MATERIAL TO PROCESS:
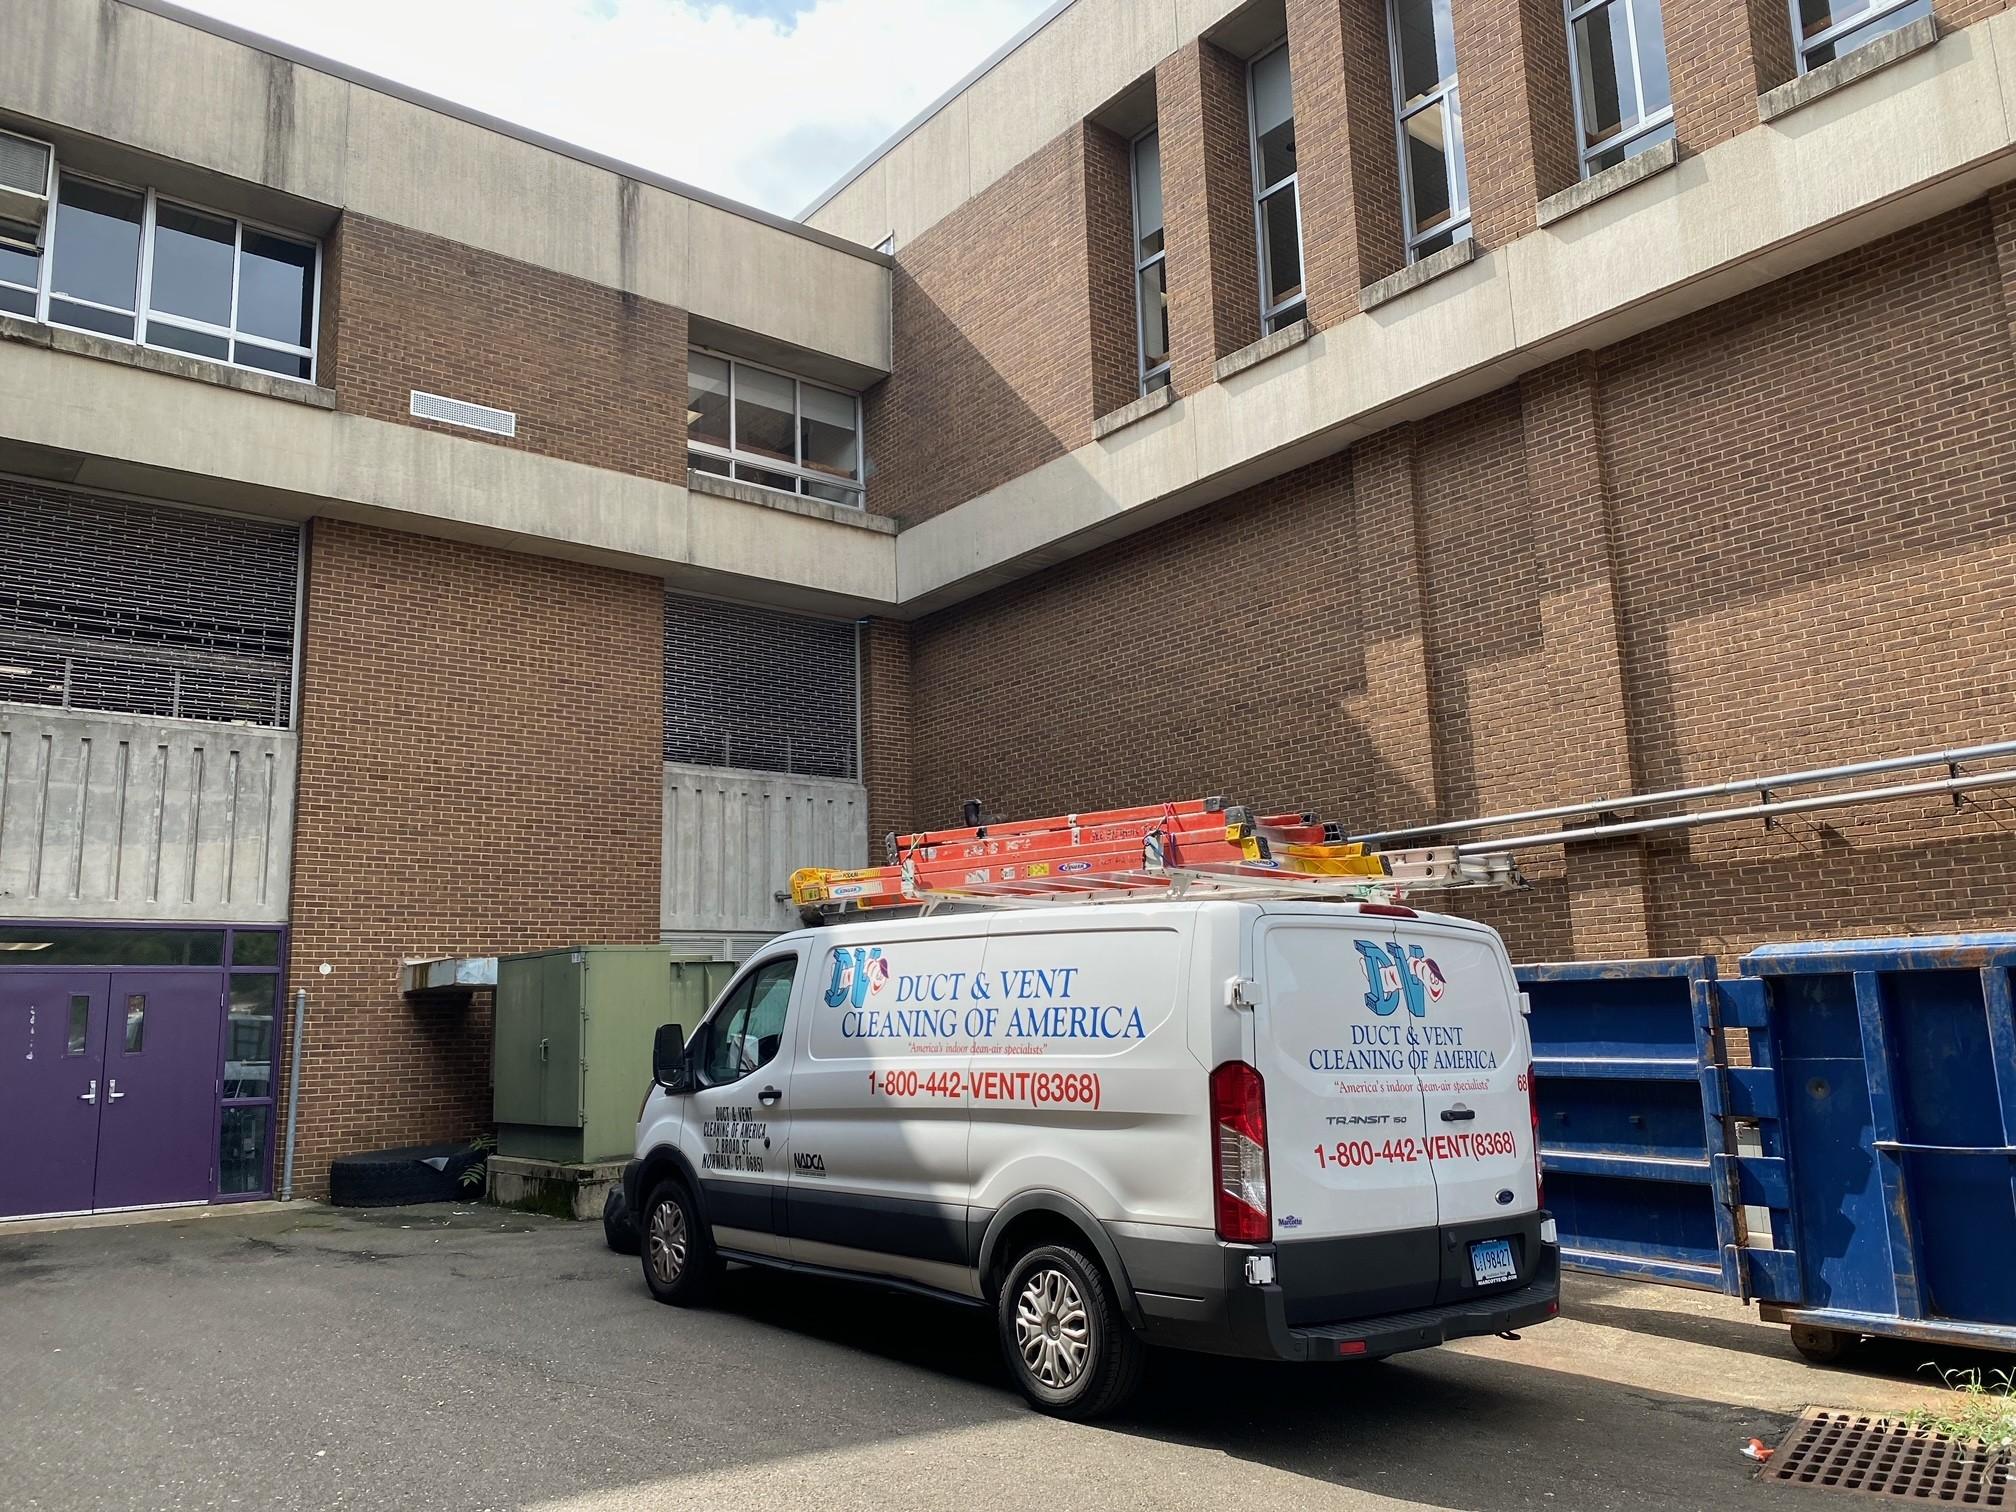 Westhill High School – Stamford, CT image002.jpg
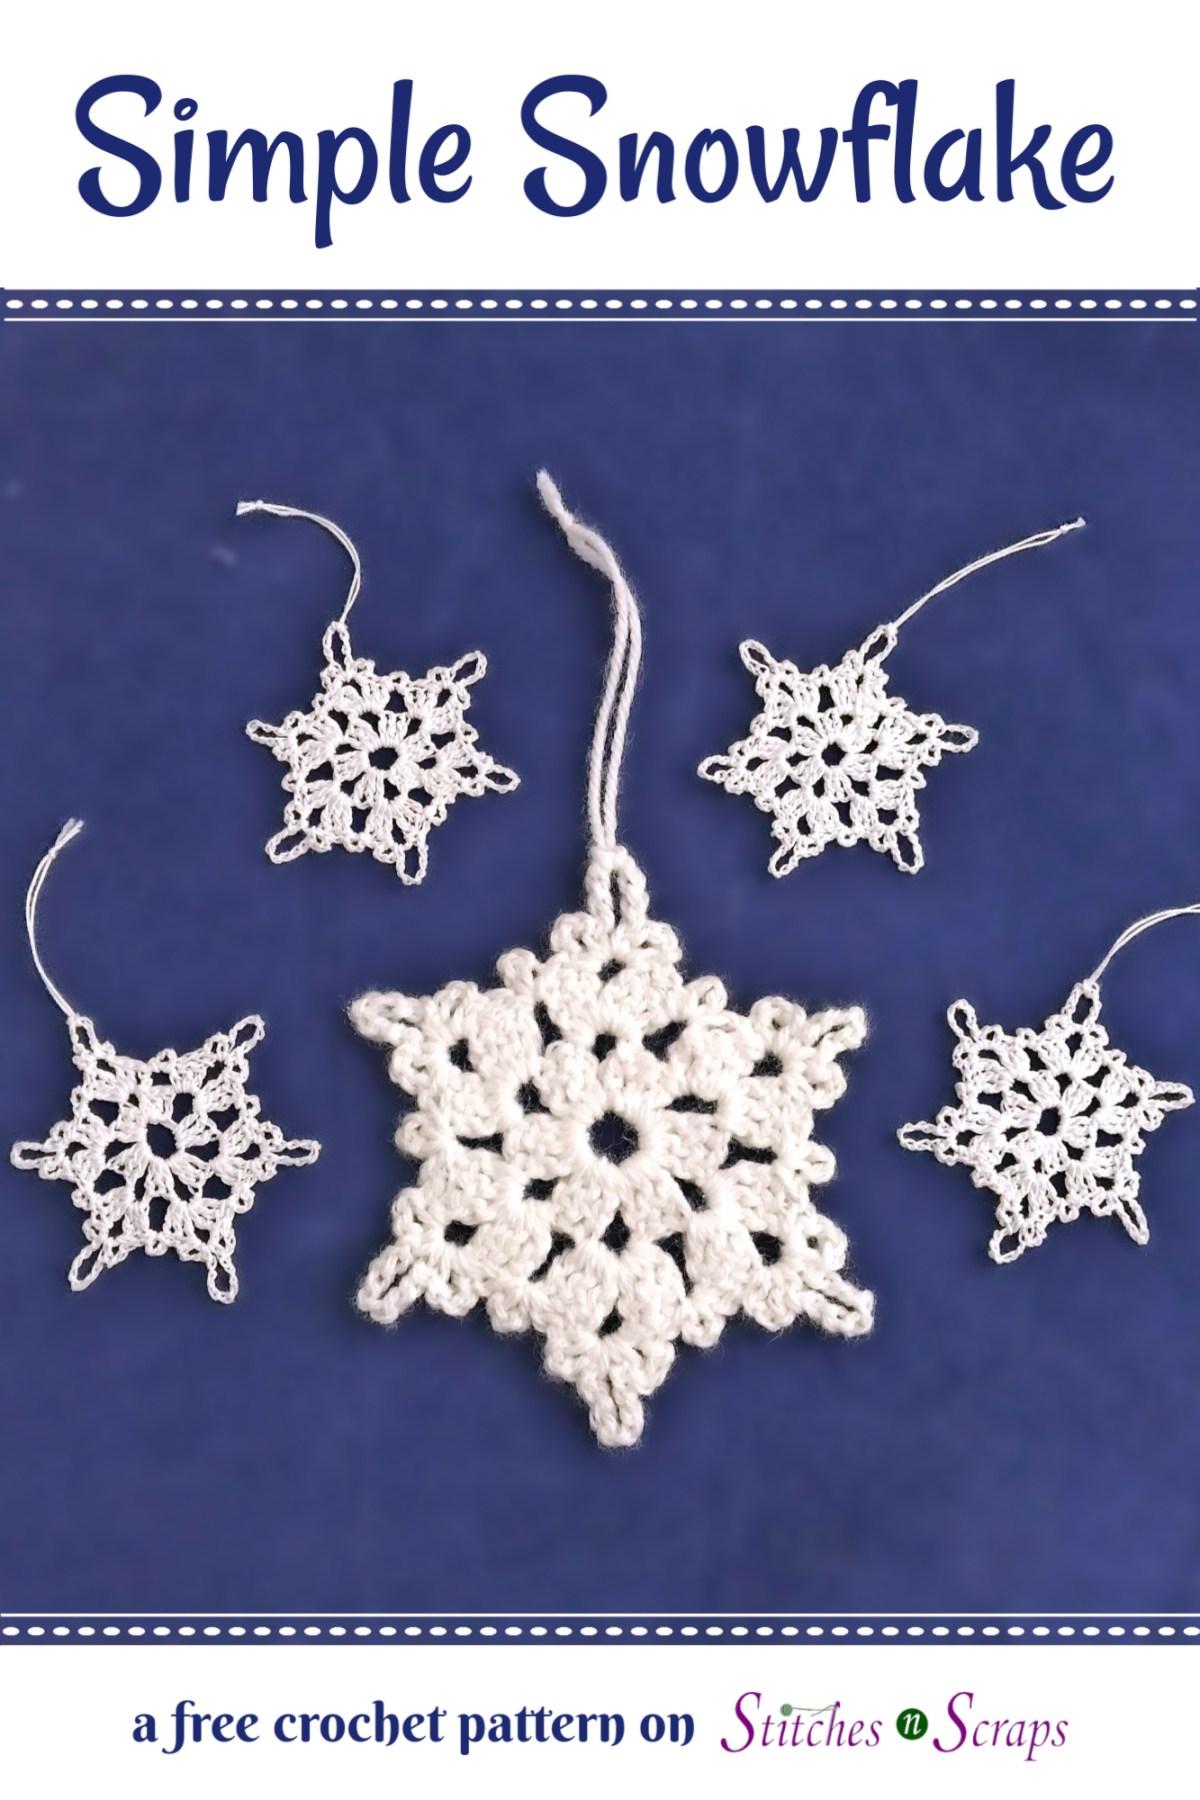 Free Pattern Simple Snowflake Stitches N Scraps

--

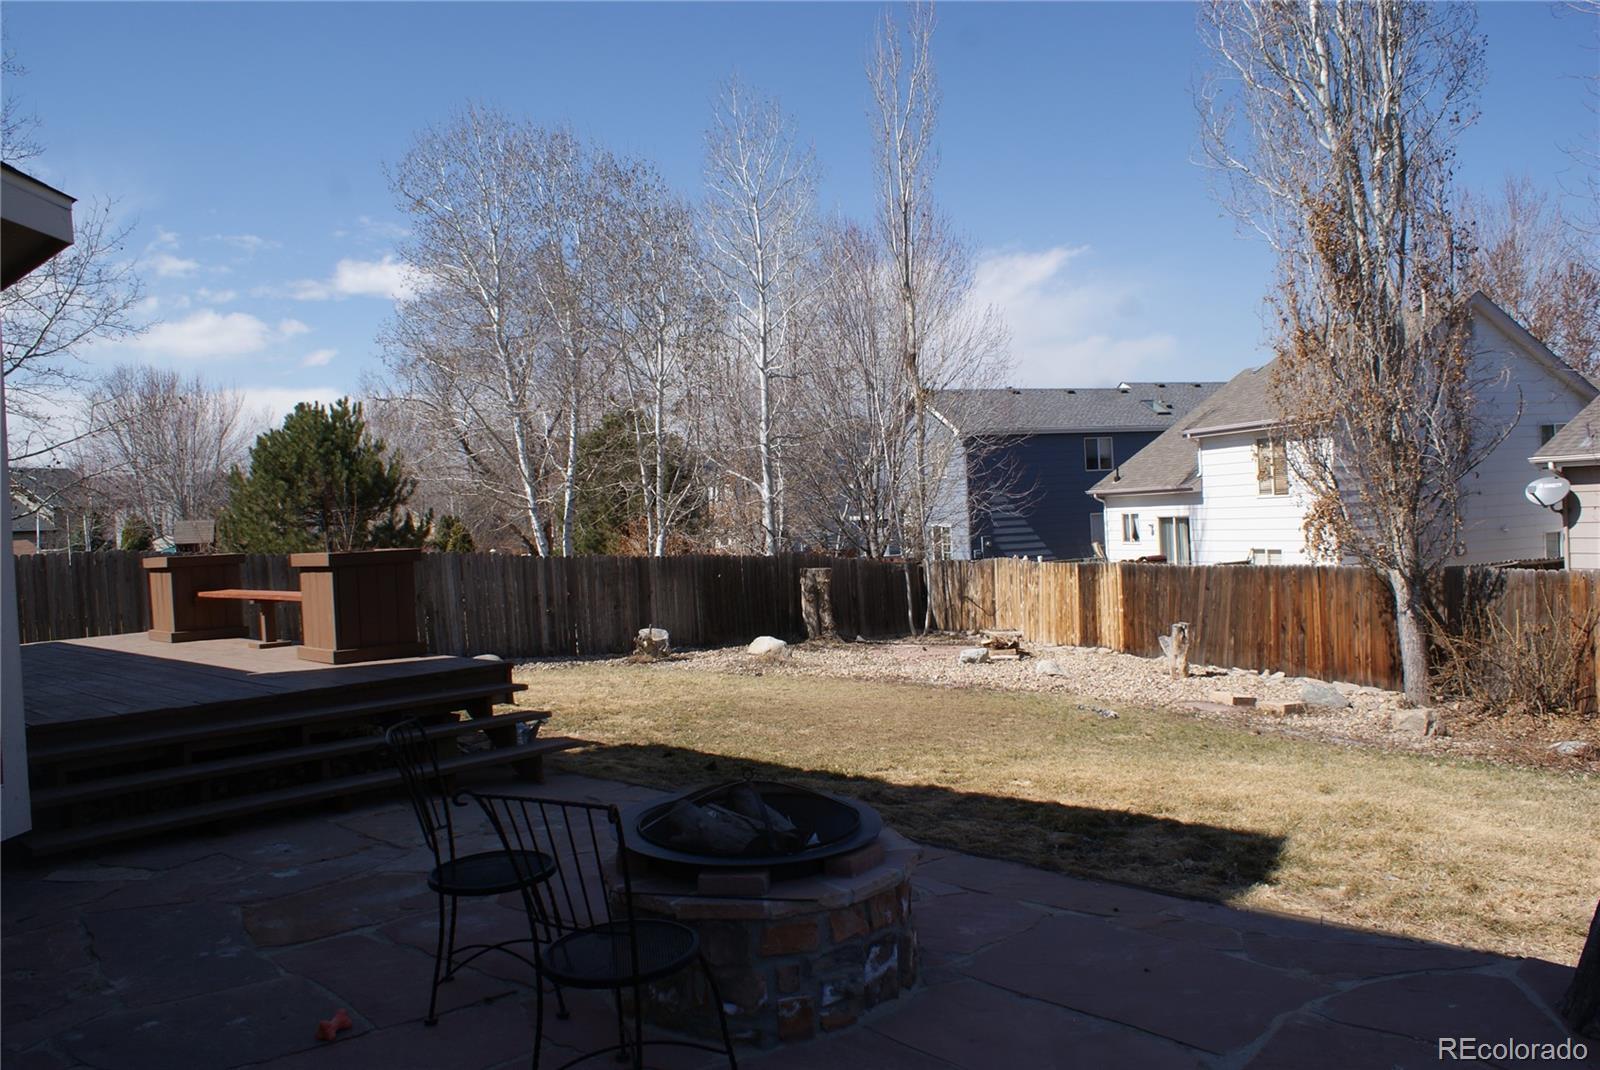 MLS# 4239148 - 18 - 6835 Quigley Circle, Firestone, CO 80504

--

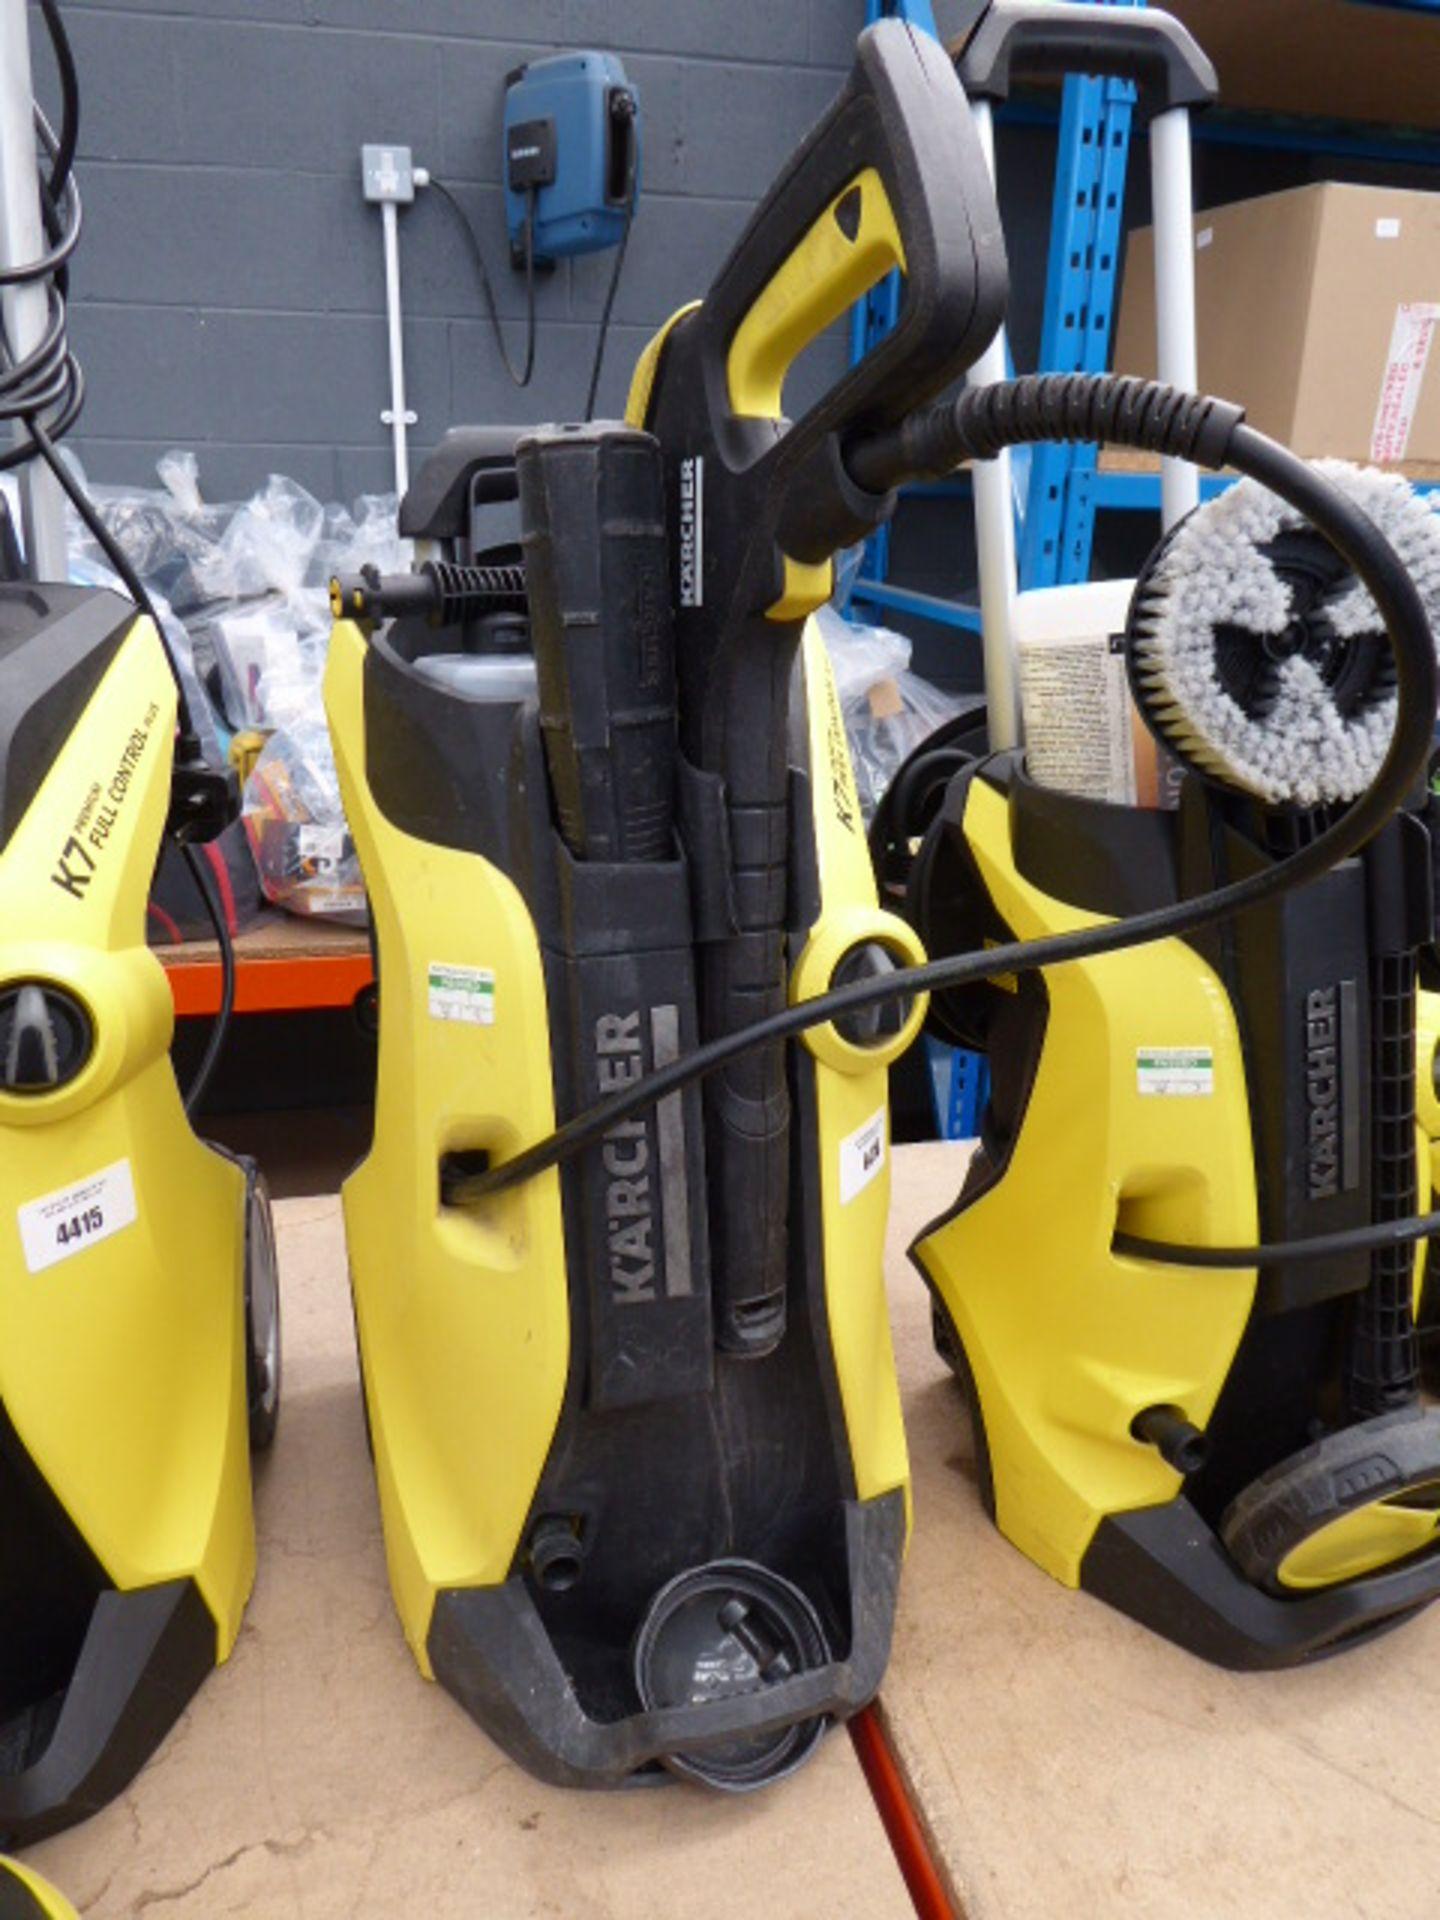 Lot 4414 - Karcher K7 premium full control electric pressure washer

WHAT THE TASK ASKS: Repeat the lines above exactly, beginning with the one containing "Westhill High School" and finishing with the one containing "Free Pattern Simple". No pictures belong in the copy.

REPLY TO THE TASK:
 Westhill High School – Stamford, CT image002.jpg
 Free Pattern Simple Snowflake Stitches N Scraps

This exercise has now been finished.